まずはベースを打ち込みから生に変更して頂きました。自作の打ち込みのデモを沢山聴いていたこともあり、その時点で生音源の良さを改めて痛感したんですよね。
元々自分で作成したデモ段階では、打ち込みサウンドに振り切れていなかったというか。曲のキャクター的にも打ち込みサウンドに振り切って「敢えて打ち込んでます」と主張するのが似合わない印象はありました。

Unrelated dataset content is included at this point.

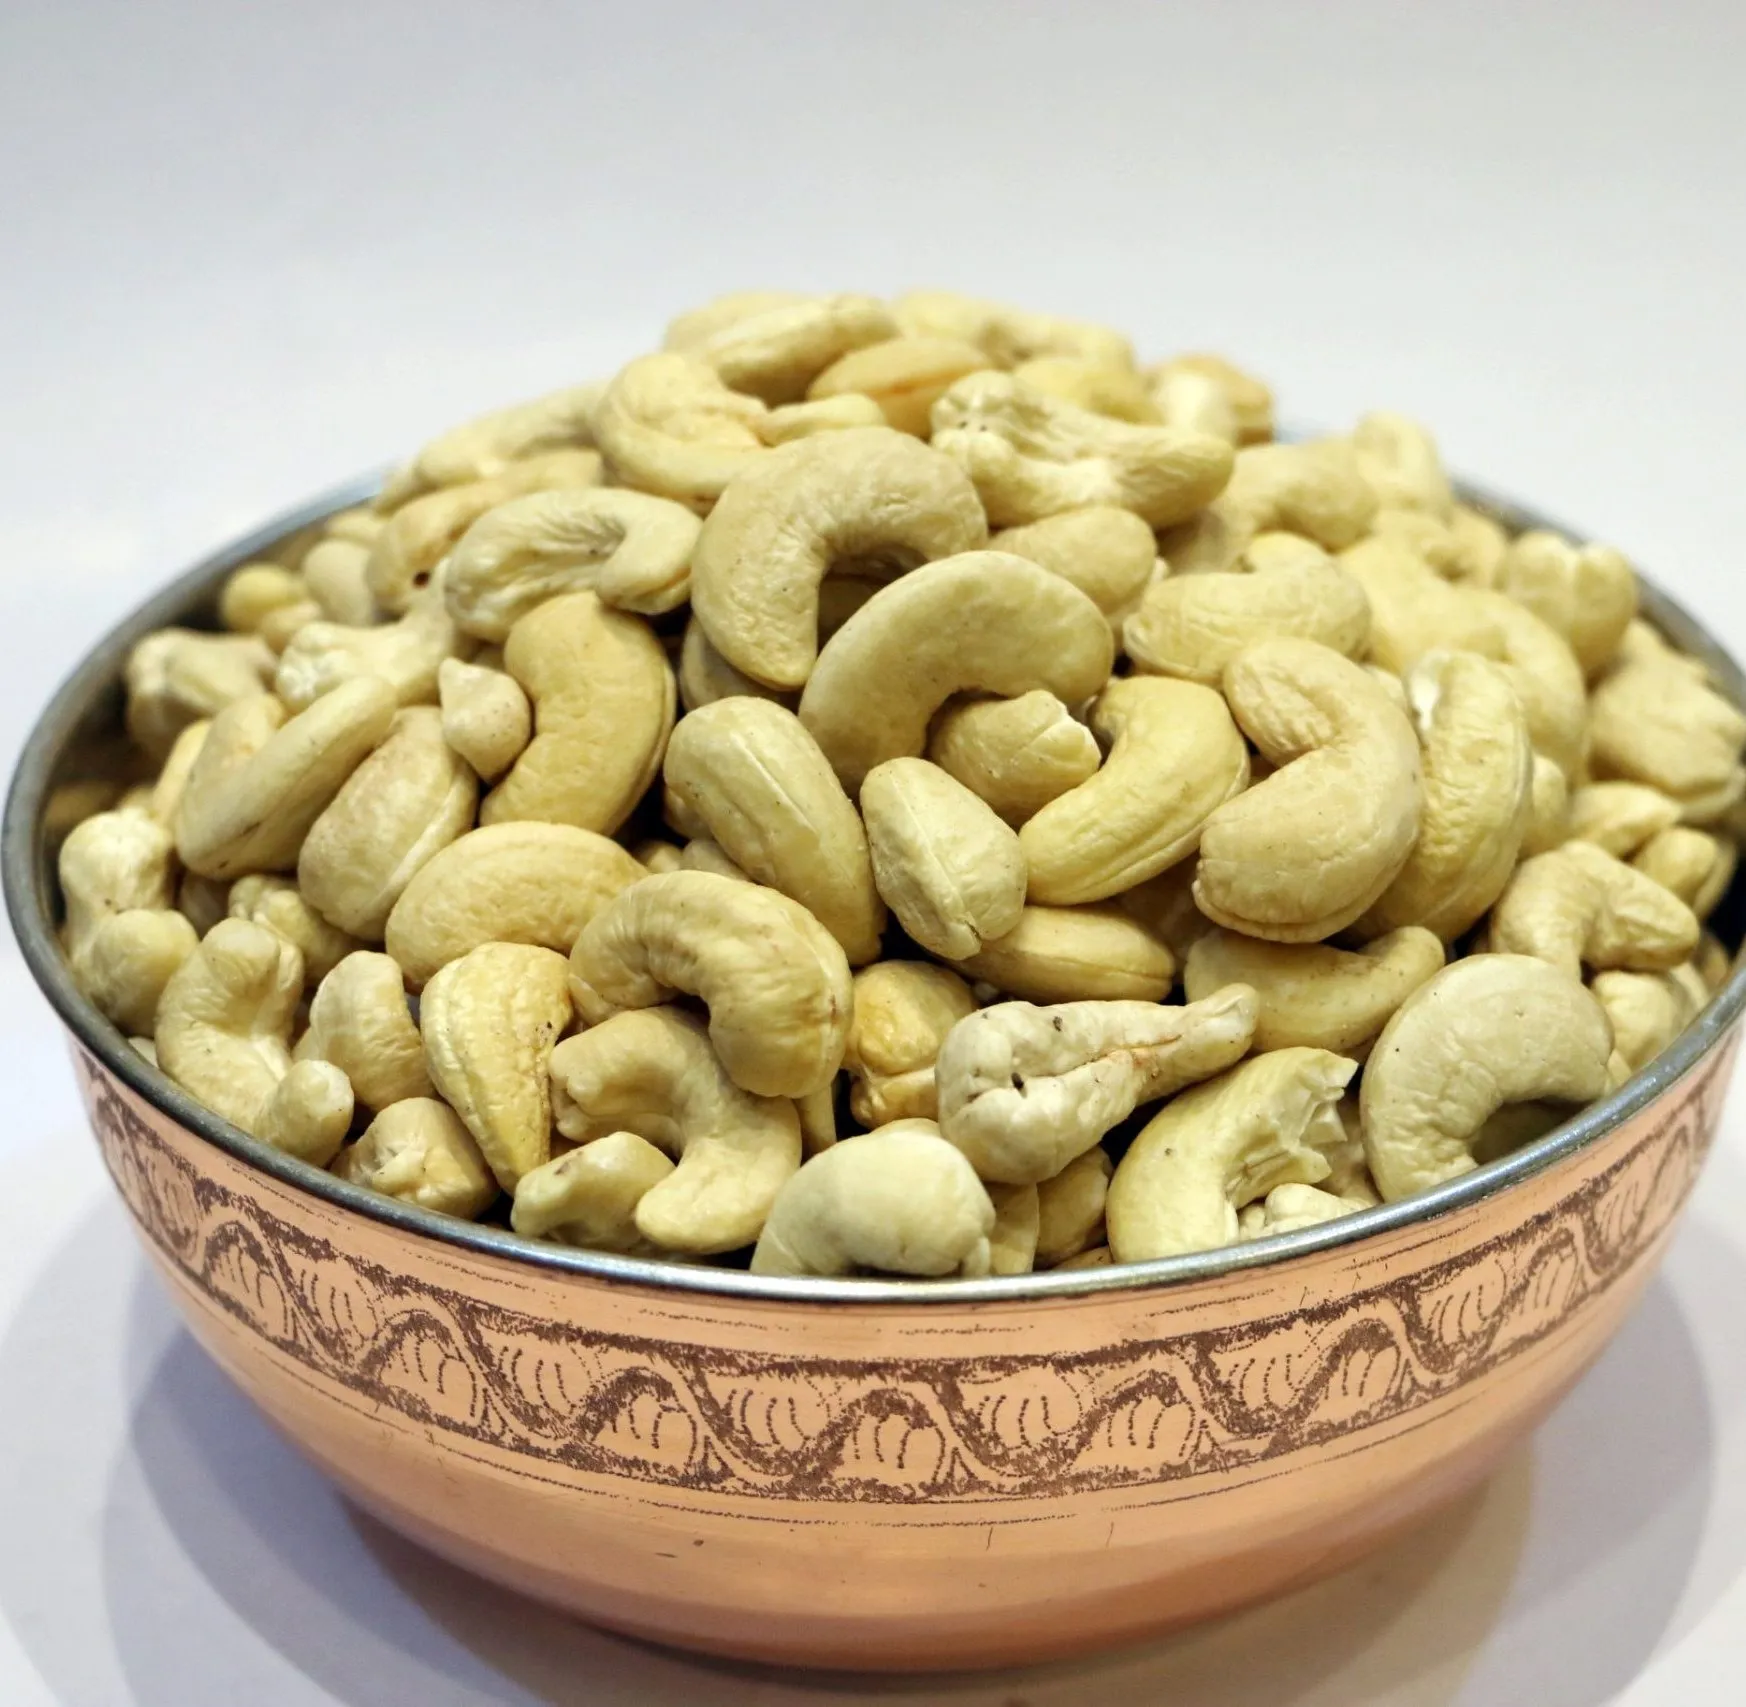 The purchase price of roasted cashew nut in Bangladesh

その悩みがある時に、ドラムも生にして頂けることになりまして。
本当にありがたかったです。ドラムのアレンジは岡野さんが変えて下さって。そのおかげで曲に起伏が生まれました。元々大仰な感動曲線を描いていないアレンジをしていたのですが、その意識を残したまま絶妙なテンションの起伏を提示して頂けて、ドラムの音源を頂いた時にパソコンの前で深く頭を下げた事を覚えています(笑)
ーーそして最後に岩瀬さんのキーボードが入ると。
(伊々坂):はい。デモの段階ではBlurに存在させたい夜のフォギーな空気感を主にギターに担わせようとしていました。でもベールみたいに優しく全体を纏うサウンドを岩瀬さんがキーボードで表現されたお陰で、さらに曲の雰囲気が補填されたという印象でした。キーボードのサウンドチョイスも皆さんにしっかり聴いて貰いたいですね。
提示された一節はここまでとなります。